◆ Work item
Reproduce verbatim all of the data given below, but do not carry over the images.

◆ Supplied data
-- Opening Marker --

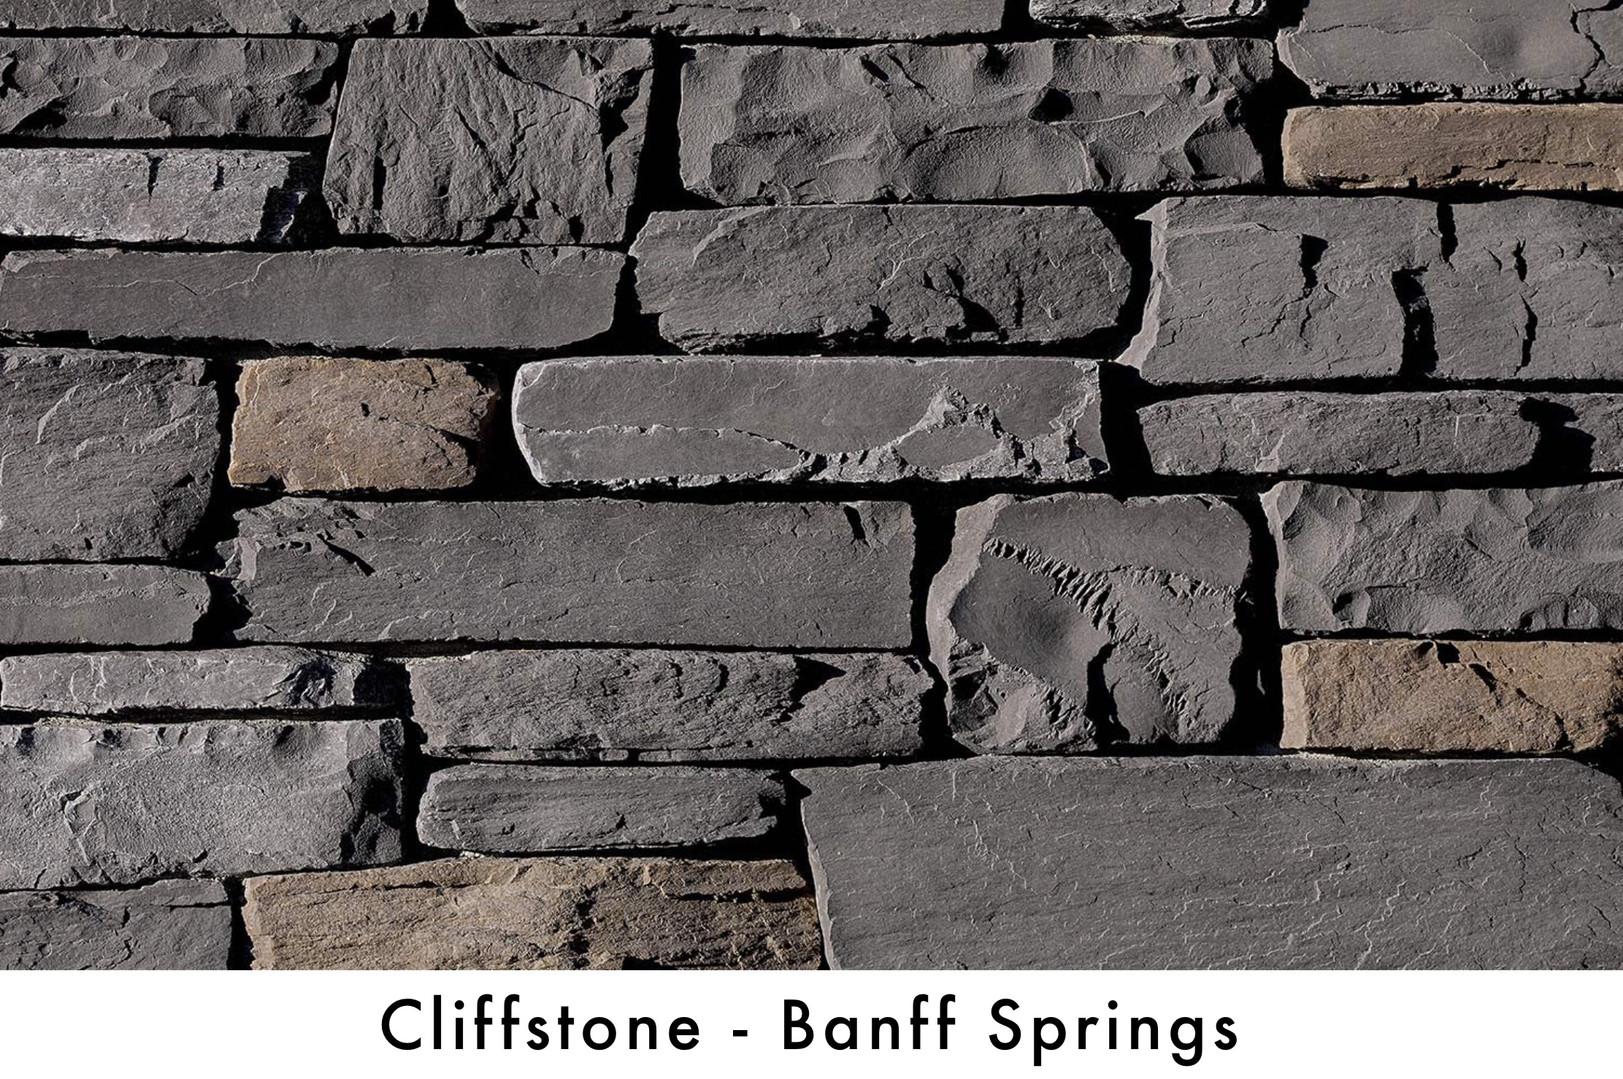 Cliffstone - Banff Springs
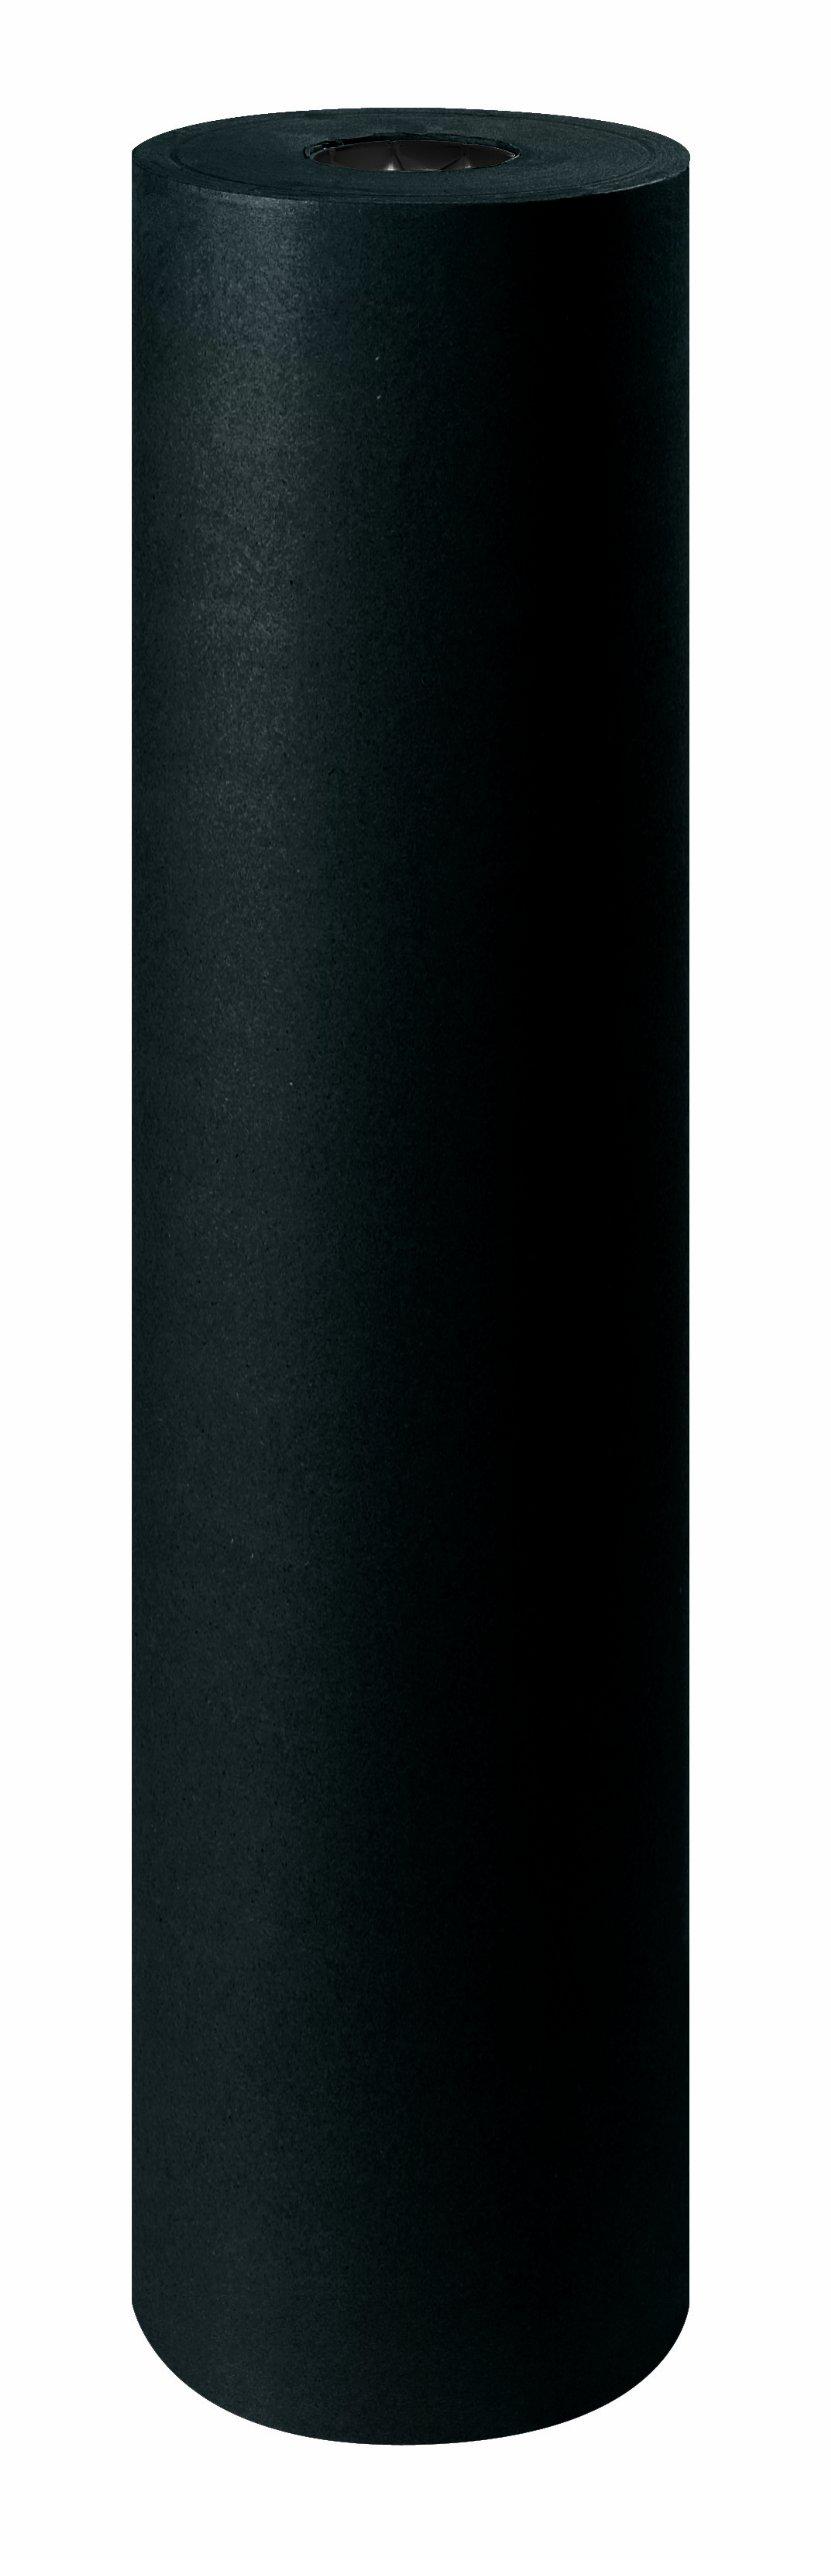 Aviditi KP2450BK 50# Kraft Paper Rolls, 24'', Black
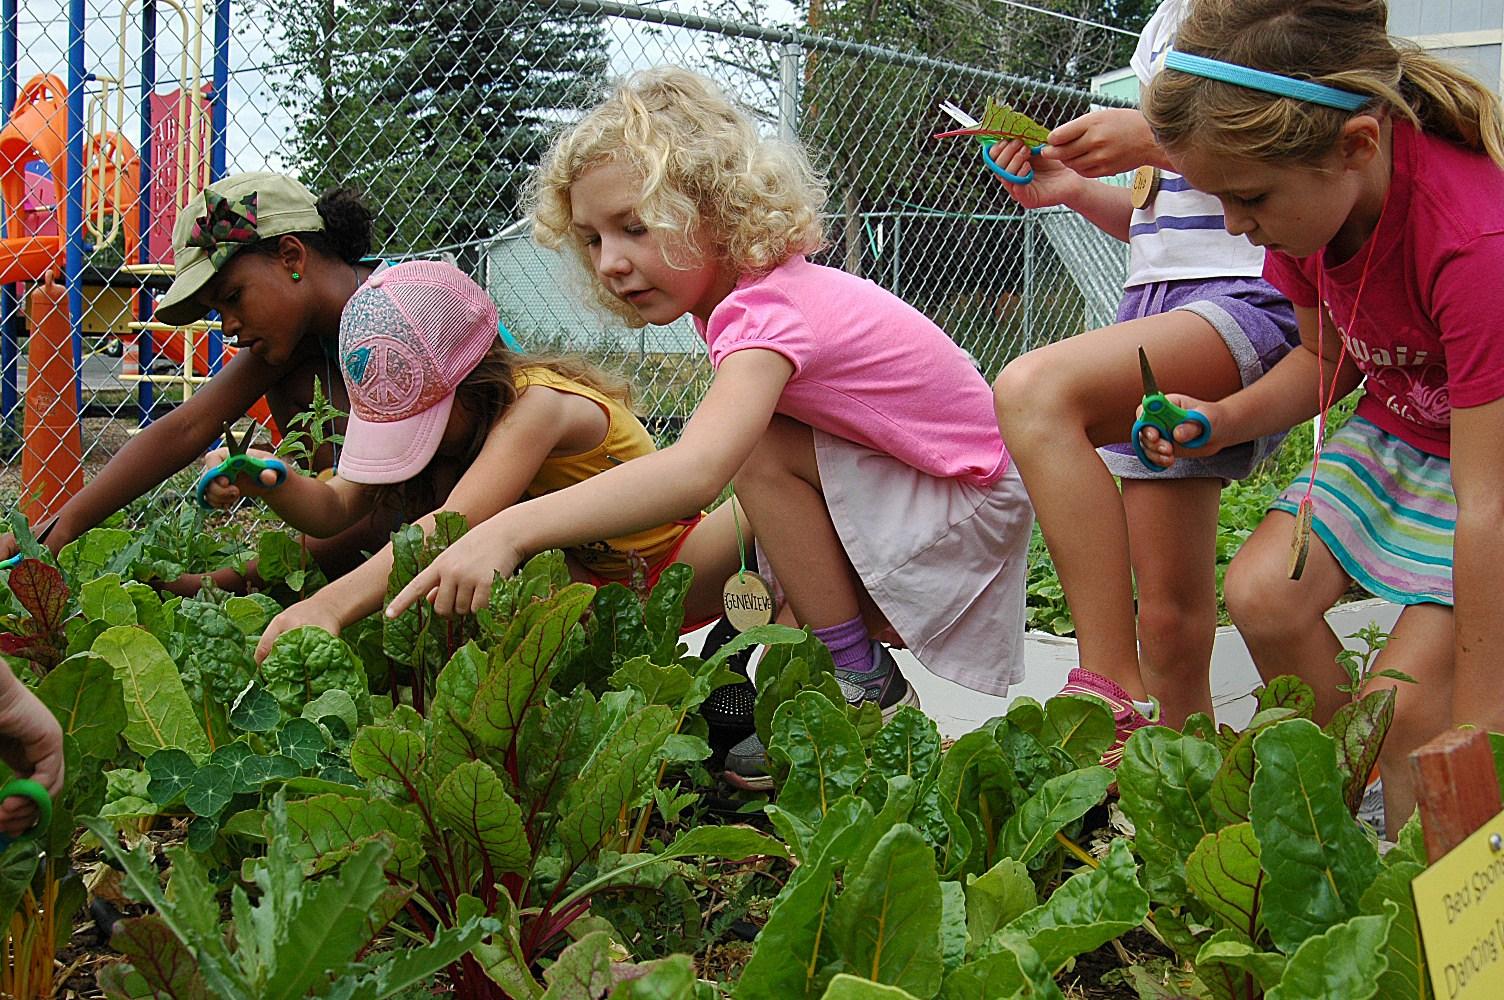 Kids in garden.
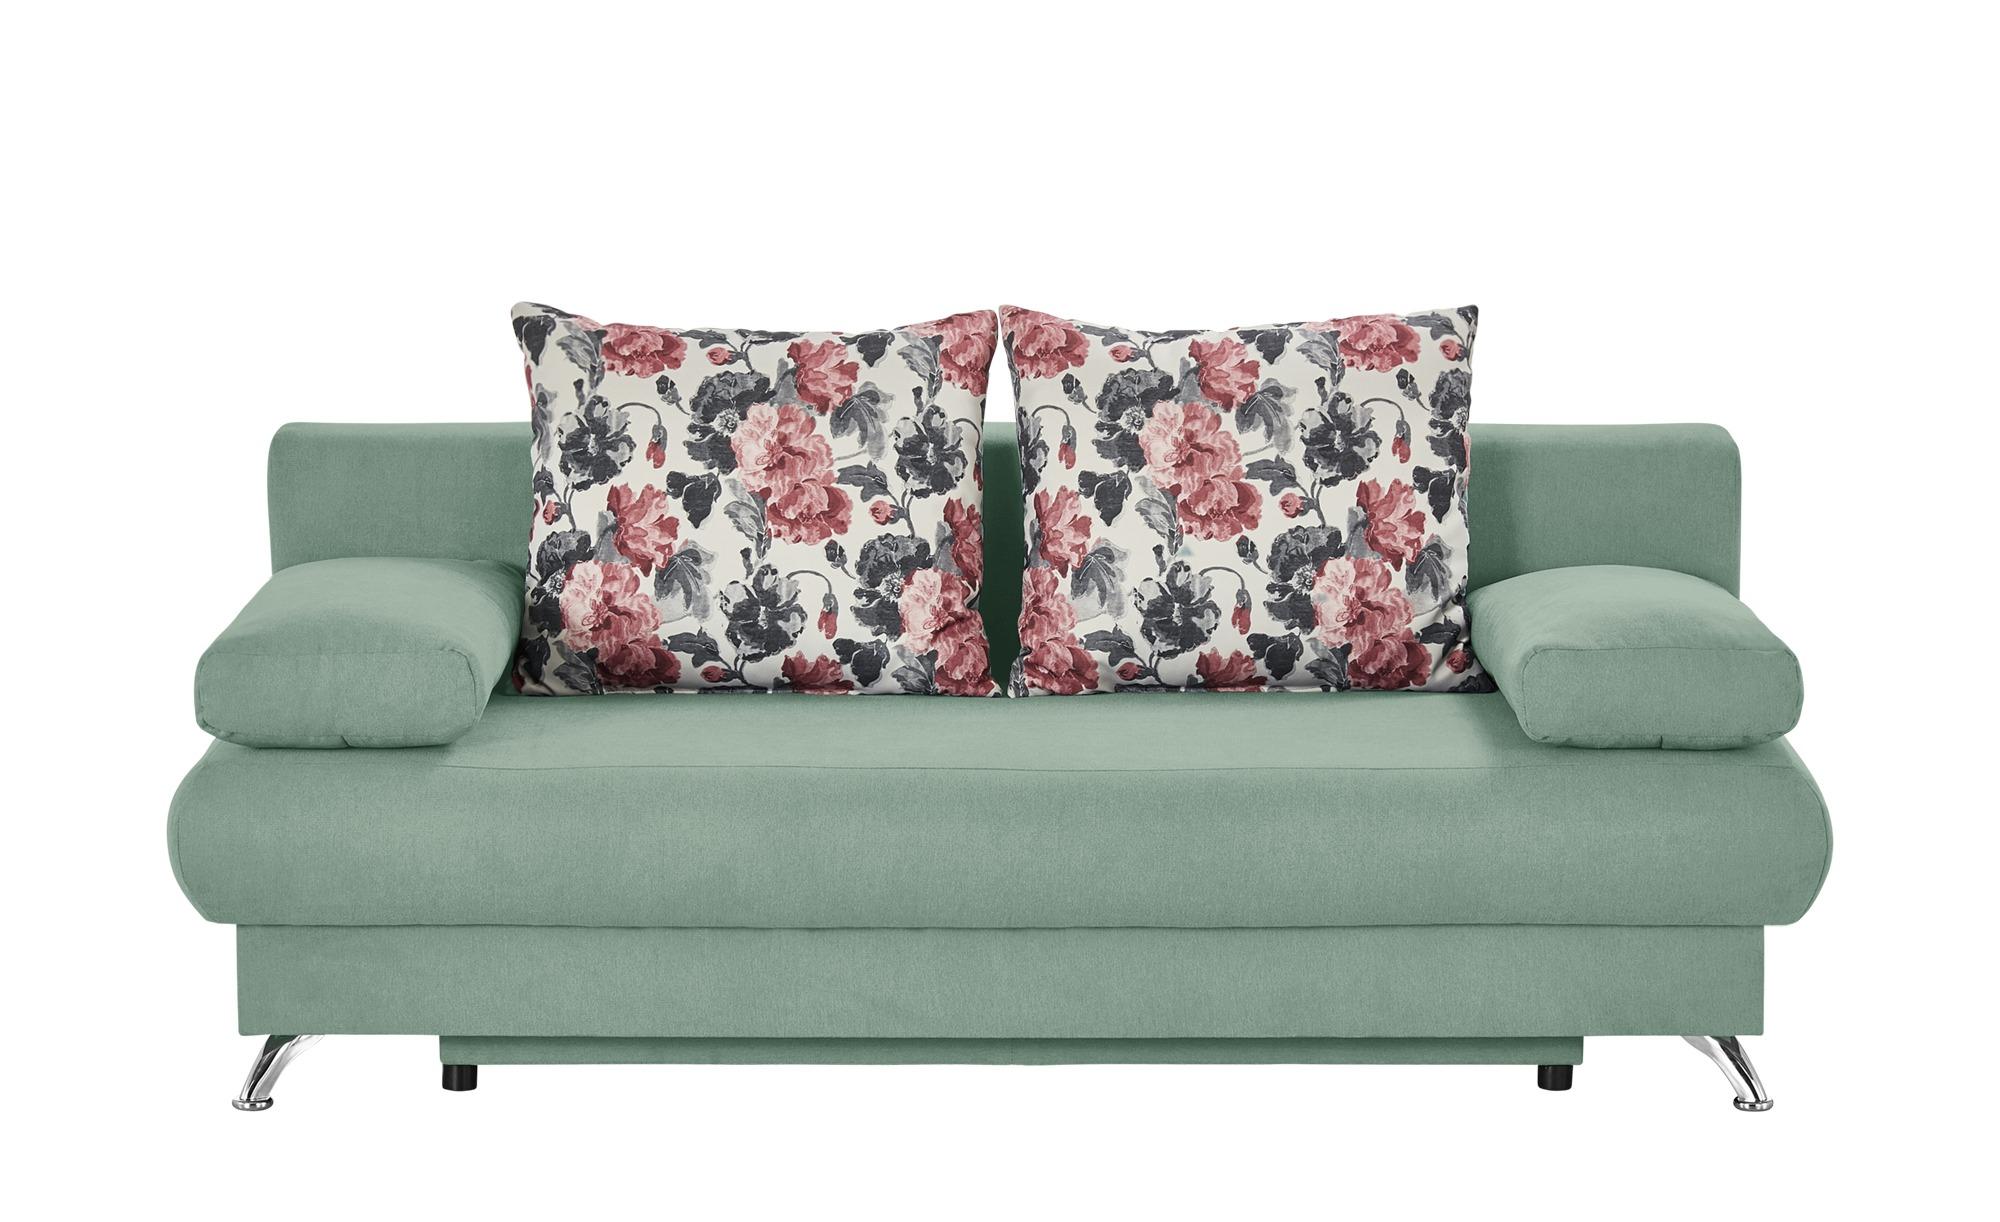 Schlafsofa mintgrün - Flachgewebe Viola ¦ grün ¦ Maße (cm): B: 203 H: 72 T: 93 Polstermöbel > Sofas > 2-Sitzer - Höffner

-- Closing Marker --

◆ Exercise answer
 Cliffstone - Banff Springs
 Aviditi KP2450BK 50# Kraft Paper Rolls, 24'', Black
 Kids in garden.
 Schlafsofa mintgrün - Flachgewebe Viola ¦ grün ¦ Maße (cm): B: 203 H: 72 T: 93 Polstermöbel > Sofas > 2-Sitzer - Höffner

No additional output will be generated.